I studied the constitution. I remember the rather “free” rights I am allotted to as much as the next individual. But what does “freedom” really mean? Sure, I live in one of the freest countries in the world. I can waltz my fingers to type yelp.com into the search bar and rate this coffee shop with zero stars if I wanted, walk away and not face a consequence. I can be one of the hate filled youtube commenters who uses the Internet as a giant plain of atrocious comments insulting social classes, people or religions. There’s plenty of freedom to be had in America, and plenty other places in the world. That’s not what I’m here for though, if you’re anything like me and reading this, I’m sure you’ve heard someone (for me it was Jason Butler and Josh Scogin) tell you to “be free” from a venue stage. It took me a few years (and a lot of clean up in the angst department) to really discover how music can open a new path of freedom in your life.

Creative freedom has to be one of the most self-rewarding types of freedom, actually, it is; I’ve seen it. It took plenty of time away from my shackled life as a steady 8-13 hour a day work life to finally see what true freedom is. The people that have given up the quote-unquote normal trek of life have always seemed to be the most fulfilled, whether spiritually or personally. I always thought I was doing life differently than others, but it was not till I started listening to music more closely and with the intent of cherishing it — and at the same time caressing the broken heart, soul and person that was me — that I began to feel liberated. I kind of dove into this in my last article, but music helped me see that there was an actual side of myself that I had not really focused on. Instead of empowering myself, I had allowed an internal resistance to selfishly collapse my inner soul that I felt impartial and out of line with my entire being. I felt like for breakfast I gassed myself with anesthesia and numbed the world out, surviving the day just to do the same as I went to sleep. Nothing about it was free, and it hit me when someone asked me what a normal day was like for me. I felt dumbfounded as the only thing that came to my head was, “writing, work and then sleeping under the influence of alcohol.” That’s not free, that’s like being an animal chained up in a cage, locked in a box and only allowed to see the light of day for a nightly ritual of “somebody pay attention to me” before locking yourself back in the cage again.

Music possesses a lot of great qualities, and the ones that are creative enough to shred their corruptive inner monologue into artistic creations have freed a portion of themselves. Look at PWR BTTM, or JANK or Every Time I Die or Sorority Noise or letlive.. All of these groups are stylistically different, but they are all out doing what they want to do. They dropped portions of their quote-unquote normal lives and slipped into a void of aimless wonder that stimulates their identities into people okay with being themselves, however that may be. They’ve shed enough of themselves that they have learned to possess the age old “don’t care what people think” attitude and walk through life with beauty perched on their shoulders like a parrot; a colorful vibrant bird who’s not afraid to speak or look however they want.

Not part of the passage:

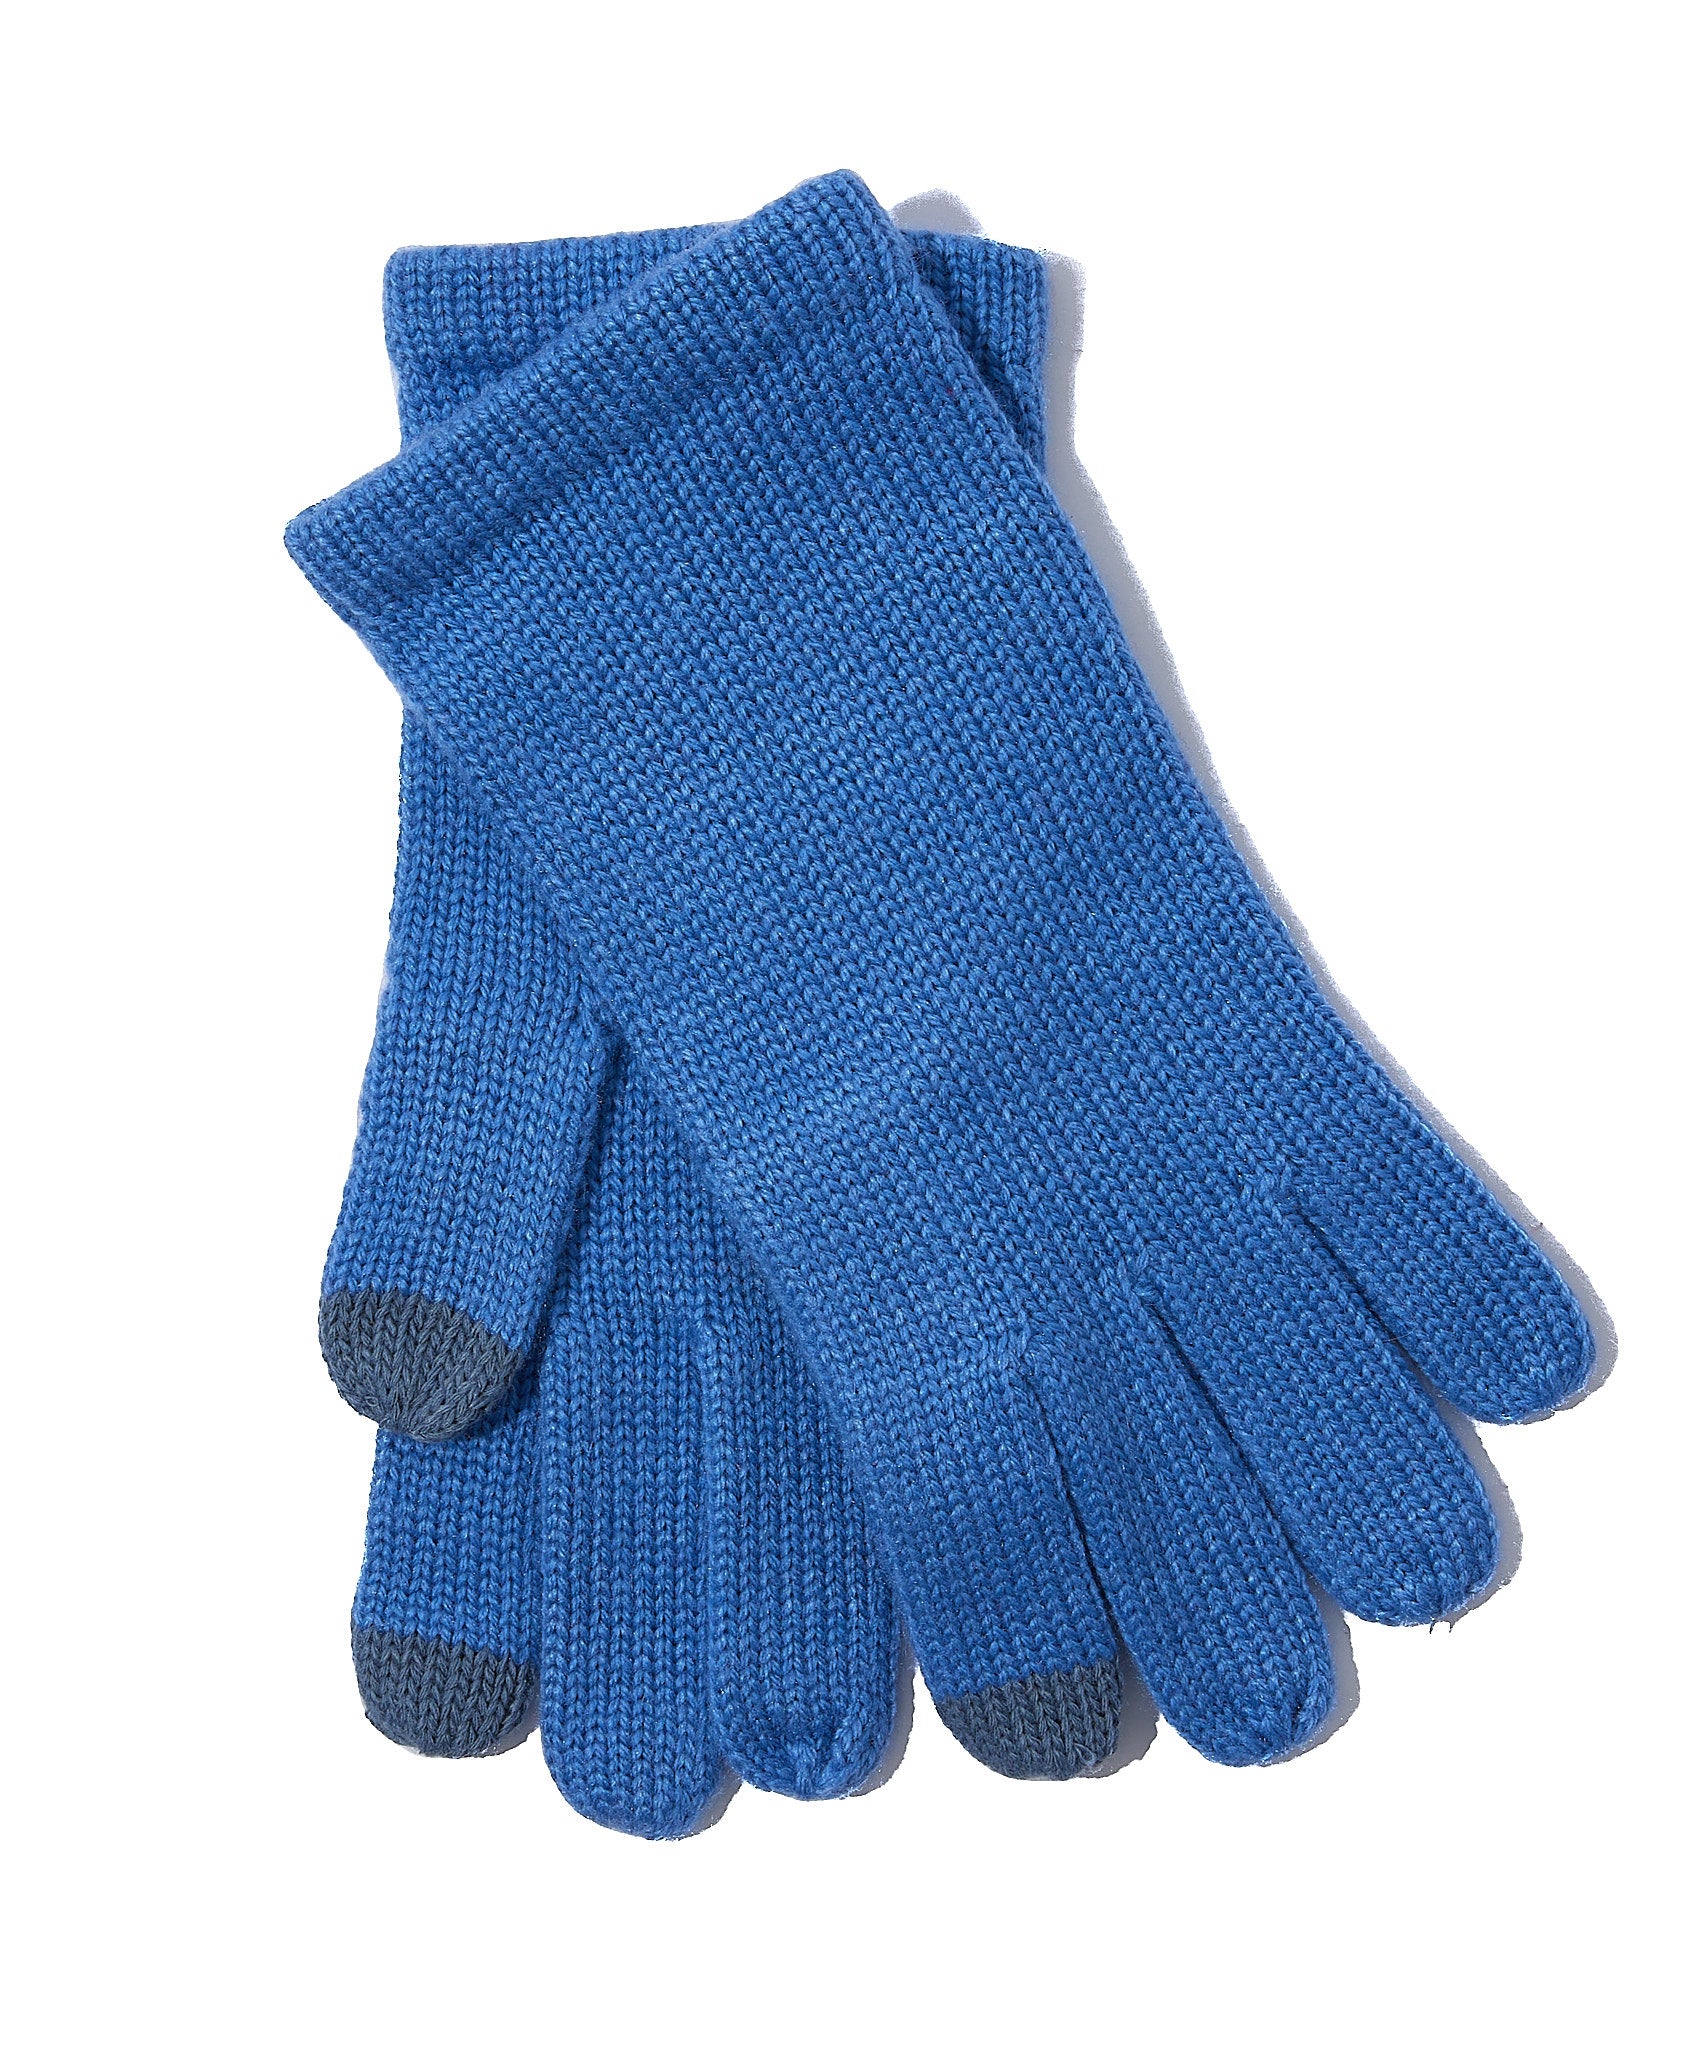 Recycled Polyester Blend Fingerless Gloves, Winter Accessories

Listening to music that makes me feel free and without worry has been one of the healthiest steps I have ever taken in my life. I’m not talking about music that is politically charged, but rather anything that sings to your soul. Does that Justin Bieber song speak wonders to you, or are you just falling victim to the big norm of society? Separate what’s valuable to you and encase it deep in your chest, right in the spot where your chest collapses due to the anxiety hiding somewhere in your lungs, heart and pit of your stomach. There’s an entire world of music at the tips of your fingers (made easier thanks to apps), so why not find that song that will open up the tear ducts or widen that smile? Who cares if your friends despise it, it’s got an attachment that means more than an opinion, and that’s because it’s with you, not them. The freest of people will spend their days finding beauty rather than sulking in the rubble of their filth.

It’s hard not to live for other people when your entire life the path seems so standard. Live for yourself, you never know what you will find, or what you will hear. I’ve never felt more confident than now, and it took months of finding that inner peace and nurturing it with sounds that make it tremble with movement; whether it be a flamboyant dance or a trance like state of rocking back and forth. Music has slowly reinforced my love for people and helped me gravitate towards the individuals walking without that tired and tense ache in their lives, instead of resonating warmth and happiness through their souls. Everyone has the power in them to do what they want, to feel how they want and more importantly, to finally free themselves of the corrupting and constricting part of life. Start with the small things, find what moves you, and you will then hear what moves you.

Weirdly enough, I stumbled upon a passage in a William Faulkner novel that related to this same idea of freedom: “Between grief and nothing I will take grief.” Often as human beings we are constricted by false entities that we invented, giving us not enough room to spread out and let our spirits be free. That definition isn’t in the constitution, it’s not even made up. It’s who we are.